__WHAT THE TASK ASKS__
Instruction for the entries that follow: retype exactly the lines from the line with "New Favorites: Dark yoke sweaters" to the line with "Ocean city wins", both included, and omit all others.

Stored data entries:
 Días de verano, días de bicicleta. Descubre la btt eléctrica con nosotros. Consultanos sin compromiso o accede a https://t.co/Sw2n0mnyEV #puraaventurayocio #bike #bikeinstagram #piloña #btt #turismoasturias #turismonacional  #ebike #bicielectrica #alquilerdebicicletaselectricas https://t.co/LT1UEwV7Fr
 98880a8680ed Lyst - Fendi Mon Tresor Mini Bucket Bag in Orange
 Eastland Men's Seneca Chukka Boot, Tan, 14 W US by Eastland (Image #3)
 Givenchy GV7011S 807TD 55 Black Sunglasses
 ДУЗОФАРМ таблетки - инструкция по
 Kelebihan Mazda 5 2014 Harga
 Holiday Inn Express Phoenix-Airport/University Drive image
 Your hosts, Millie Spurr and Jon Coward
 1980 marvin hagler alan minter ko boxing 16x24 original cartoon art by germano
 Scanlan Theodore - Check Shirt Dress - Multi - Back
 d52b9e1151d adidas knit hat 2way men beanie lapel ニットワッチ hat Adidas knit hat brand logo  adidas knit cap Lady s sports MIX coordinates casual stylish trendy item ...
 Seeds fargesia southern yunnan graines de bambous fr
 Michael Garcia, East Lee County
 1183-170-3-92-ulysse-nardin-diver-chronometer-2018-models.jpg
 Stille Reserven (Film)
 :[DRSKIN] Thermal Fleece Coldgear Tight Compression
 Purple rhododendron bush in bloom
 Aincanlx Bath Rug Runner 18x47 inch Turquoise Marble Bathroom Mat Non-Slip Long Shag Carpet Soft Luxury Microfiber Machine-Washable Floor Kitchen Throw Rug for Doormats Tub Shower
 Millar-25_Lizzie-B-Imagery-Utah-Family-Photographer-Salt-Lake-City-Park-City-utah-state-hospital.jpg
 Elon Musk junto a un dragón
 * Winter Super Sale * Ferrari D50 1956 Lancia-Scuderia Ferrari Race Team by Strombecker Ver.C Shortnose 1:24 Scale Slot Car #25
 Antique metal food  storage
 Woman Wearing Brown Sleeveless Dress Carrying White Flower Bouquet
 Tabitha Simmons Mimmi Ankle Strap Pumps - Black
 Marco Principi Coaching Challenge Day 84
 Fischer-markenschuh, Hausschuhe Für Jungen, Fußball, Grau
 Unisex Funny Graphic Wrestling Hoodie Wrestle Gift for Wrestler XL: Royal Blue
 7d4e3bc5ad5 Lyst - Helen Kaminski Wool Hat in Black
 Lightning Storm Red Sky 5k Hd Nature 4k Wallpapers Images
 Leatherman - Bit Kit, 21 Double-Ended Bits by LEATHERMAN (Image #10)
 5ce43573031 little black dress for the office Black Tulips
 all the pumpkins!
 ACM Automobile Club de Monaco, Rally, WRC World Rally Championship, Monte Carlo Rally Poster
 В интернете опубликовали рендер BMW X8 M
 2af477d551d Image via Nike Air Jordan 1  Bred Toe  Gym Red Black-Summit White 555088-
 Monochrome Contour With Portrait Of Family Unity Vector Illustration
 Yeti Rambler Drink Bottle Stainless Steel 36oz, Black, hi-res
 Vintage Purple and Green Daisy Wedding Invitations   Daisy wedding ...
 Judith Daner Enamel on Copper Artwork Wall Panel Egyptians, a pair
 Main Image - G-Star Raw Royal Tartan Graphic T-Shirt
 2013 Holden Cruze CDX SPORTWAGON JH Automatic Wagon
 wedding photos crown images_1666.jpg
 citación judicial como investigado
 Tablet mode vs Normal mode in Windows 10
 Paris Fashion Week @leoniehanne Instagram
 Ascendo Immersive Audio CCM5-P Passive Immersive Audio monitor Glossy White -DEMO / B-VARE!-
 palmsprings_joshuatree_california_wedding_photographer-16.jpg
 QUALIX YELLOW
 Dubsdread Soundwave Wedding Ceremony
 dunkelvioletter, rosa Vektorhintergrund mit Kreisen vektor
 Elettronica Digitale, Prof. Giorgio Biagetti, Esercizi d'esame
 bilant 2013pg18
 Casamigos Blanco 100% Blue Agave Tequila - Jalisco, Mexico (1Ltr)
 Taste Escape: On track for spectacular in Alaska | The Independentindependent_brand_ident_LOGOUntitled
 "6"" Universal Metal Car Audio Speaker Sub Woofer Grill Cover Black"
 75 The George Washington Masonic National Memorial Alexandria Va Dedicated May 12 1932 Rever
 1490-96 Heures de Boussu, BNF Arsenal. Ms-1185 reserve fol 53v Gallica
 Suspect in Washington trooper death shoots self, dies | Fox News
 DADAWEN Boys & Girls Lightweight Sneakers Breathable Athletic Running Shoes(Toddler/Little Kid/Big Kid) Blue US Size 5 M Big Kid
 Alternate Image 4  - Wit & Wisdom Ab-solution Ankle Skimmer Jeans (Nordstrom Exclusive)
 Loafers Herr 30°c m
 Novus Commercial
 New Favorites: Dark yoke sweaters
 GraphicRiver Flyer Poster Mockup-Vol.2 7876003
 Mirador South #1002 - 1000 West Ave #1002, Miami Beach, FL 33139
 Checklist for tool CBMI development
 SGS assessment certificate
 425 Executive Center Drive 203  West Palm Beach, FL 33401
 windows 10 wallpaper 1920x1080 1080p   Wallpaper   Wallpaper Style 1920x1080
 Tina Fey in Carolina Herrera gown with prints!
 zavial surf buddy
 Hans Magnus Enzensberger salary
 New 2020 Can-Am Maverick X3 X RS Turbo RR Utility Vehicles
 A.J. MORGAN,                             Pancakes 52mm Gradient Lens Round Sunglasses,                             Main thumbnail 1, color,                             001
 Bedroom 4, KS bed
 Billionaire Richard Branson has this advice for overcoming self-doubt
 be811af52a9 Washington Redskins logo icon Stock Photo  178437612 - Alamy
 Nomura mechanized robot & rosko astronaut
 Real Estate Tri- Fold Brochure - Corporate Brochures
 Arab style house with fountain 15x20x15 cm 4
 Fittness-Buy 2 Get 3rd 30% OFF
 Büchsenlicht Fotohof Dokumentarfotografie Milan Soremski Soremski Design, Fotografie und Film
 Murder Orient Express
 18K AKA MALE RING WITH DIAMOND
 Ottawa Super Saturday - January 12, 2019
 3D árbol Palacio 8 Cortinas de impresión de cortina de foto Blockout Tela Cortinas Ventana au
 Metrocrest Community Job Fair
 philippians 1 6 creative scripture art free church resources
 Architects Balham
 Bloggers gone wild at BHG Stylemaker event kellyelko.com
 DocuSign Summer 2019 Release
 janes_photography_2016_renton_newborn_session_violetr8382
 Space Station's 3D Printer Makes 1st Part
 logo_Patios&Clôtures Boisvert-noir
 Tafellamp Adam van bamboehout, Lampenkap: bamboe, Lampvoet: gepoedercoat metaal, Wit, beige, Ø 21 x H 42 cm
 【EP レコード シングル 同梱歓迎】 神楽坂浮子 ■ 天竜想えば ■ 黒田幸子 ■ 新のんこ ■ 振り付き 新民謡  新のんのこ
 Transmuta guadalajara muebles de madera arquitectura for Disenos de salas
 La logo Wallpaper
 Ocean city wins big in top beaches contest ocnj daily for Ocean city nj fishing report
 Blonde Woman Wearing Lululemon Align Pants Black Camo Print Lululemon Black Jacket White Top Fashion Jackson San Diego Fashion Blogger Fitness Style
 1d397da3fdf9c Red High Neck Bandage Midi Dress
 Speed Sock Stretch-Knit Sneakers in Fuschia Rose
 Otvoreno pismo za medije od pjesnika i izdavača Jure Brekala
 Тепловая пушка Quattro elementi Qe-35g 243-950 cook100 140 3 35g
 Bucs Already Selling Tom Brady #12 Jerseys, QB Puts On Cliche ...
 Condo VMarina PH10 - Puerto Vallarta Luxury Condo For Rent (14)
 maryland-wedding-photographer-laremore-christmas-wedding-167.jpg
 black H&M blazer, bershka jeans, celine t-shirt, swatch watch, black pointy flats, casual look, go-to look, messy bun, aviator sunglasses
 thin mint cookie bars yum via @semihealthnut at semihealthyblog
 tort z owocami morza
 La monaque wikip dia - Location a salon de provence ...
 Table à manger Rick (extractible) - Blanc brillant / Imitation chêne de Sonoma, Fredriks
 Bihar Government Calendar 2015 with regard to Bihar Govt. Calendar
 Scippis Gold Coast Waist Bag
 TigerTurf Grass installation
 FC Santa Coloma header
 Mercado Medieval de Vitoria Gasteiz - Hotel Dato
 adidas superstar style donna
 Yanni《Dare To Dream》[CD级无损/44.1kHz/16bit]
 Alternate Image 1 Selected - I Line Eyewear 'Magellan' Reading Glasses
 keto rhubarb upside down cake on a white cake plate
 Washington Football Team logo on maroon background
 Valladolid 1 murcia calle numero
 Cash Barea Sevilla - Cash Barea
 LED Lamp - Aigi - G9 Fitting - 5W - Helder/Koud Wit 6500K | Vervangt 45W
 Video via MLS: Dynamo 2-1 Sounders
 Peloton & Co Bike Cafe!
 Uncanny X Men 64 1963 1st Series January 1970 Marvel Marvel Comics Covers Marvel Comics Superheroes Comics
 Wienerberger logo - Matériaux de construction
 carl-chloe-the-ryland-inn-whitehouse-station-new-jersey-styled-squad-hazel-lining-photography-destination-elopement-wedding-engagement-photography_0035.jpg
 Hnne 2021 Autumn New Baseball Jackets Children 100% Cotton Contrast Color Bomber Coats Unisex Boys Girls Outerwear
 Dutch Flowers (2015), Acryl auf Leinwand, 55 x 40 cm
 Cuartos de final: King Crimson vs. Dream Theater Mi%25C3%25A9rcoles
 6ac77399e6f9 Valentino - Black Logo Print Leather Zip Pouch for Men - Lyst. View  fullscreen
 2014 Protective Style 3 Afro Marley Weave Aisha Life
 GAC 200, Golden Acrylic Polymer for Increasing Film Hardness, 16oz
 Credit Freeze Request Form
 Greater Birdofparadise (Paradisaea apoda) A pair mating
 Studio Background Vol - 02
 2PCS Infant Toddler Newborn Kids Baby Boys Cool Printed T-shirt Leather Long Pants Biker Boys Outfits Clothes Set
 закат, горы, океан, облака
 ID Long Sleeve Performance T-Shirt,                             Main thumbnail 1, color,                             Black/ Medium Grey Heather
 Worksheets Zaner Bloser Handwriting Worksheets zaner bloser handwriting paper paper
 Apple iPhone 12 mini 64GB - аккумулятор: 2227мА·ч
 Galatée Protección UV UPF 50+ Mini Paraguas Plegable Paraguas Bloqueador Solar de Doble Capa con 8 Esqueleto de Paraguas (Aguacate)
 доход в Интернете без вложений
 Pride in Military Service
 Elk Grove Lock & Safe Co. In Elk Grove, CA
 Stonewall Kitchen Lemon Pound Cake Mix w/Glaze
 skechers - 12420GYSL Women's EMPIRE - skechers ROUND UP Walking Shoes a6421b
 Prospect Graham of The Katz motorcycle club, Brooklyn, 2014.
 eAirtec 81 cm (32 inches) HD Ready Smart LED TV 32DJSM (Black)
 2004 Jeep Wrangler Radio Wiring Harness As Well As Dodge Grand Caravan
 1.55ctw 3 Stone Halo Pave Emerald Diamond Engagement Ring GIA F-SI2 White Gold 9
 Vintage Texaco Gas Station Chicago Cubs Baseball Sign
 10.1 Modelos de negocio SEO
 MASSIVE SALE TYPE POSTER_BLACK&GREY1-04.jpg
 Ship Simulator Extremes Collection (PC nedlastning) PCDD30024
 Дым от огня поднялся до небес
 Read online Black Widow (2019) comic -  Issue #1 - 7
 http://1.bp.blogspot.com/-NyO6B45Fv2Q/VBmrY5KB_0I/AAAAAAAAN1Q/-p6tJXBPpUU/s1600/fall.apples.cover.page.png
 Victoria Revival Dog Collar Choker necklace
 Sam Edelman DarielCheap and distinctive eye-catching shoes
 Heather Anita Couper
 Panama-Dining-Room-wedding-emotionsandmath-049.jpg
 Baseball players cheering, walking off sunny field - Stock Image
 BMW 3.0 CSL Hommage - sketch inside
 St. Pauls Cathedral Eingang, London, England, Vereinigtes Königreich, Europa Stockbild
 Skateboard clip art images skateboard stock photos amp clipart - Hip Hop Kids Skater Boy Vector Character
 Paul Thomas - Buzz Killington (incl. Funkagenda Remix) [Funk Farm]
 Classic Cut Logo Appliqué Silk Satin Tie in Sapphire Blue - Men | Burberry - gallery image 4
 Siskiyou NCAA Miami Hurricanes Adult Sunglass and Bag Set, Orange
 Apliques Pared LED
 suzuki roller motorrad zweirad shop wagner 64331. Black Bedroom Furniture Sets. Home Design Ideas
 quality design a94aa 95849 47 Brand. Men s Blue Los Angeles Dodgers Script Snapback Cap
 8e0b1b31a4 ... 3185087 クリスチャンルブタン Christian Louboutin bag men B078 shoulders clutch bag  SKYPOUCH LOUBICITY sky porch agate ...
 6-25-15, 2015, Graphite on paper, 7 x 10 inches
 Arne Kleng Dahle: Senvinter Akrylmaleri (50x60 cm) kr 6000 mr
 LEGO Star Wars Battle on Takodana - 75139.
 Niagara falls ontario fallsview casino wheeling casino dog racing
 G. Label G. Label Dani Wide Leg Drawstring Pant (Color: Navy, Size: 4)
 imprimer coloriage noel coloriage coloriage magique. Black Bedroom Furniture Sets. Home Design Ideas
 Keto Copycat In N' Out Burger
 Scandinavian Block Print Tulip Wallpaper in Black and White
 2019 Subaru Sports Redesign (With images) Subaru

__EXPECTED ANSWER__
 New Favorites: Dark yoke sweaters
 GraphicRiver Flyer Poster Mockup-Vol.2 7876003
 Mirador South #1002 - 1000 West Ave #1002, Miami Beach, FL 33139
 Checklist for tool CBMI development
 SGS assessment certificate
 425 Executive Center Drive 203  West Palm Beach, FL 33401
 windows 10 wallpaper 1920x1080 1080p   Wallpaper   Wallpaper Style 1920x1080
 Tina Fey in Carolina Herrera gown with prints!
 zavial surf buddy
 Hans Magnus Enzensberger salary
 New 2020 Can-Am Maverick X3 X RS Turbo RR Utility Vehicles
 A.J. MORGAN,                             Pancakes 52mm Gradient Lens Round Sunglasses,                             Main thumbnail 1, color,                             001
 Bedroom 4, KS bed
 Billionaire Richard Branson has this advice for overcoming self-doubt
 be811af52a9 Washington Redskins logo icon Stock Photo  178437612 - Alamy
 Nomura mechanized robot & rosko astronaut
 Real Estate Tri- Fold Brochure - Corporate Brochures
 Arab style house with fountain 15x20x15 cm 4
 Fittness-Buy 2 Get 3rd 30% OFF
 Büchsenlicht Fotohof Dokumentarfotografie Milan Soremski Soremski Design, Fotografie und Film
 Murder Orient Express
 18K AKA MALE RING WITH DIAMOND
 Ottawa Super Saturday - January 12, 2019
 3D árbol Palacio 8 Cortinas de impresión de cortina de foto Blockout Tela Cortinas Ventana au
 Metrocrest Community Job Fair
 philippians 1 6 creative scripture art free church resources
 Architects Balham
 Bloggers gone wild at BHG Stylemaker event kellyelko.com
 DocuSign Summer 2019 Release
 janes_photography_2016_renton_newborn_session_violetr8382
 Space Station's 3D Printer Makes 1st Part
 logo_Patios&Clôtures Boisvert-noir
 Tafellamp Adam van bamboehout, Lampenkap: bamboe, Lampvoet: gepoedercoat metaal, Wit, beige, Ø 21 x H 42 cm
 【EP レコード シングル 同梱歓迎】 神楽坂浮子 ■ 天竜想えば ■ 黒田幸子 ■ 新のんこ ■ 振り付き 新民謡  新のんのこ
 Transmuta guadalajara muebles de madera arquitectura for Disenos de salas
 La logo Wallpaper
 Ocean city wins big in top beaches contest ocnj daily for Ocean city nj fishing report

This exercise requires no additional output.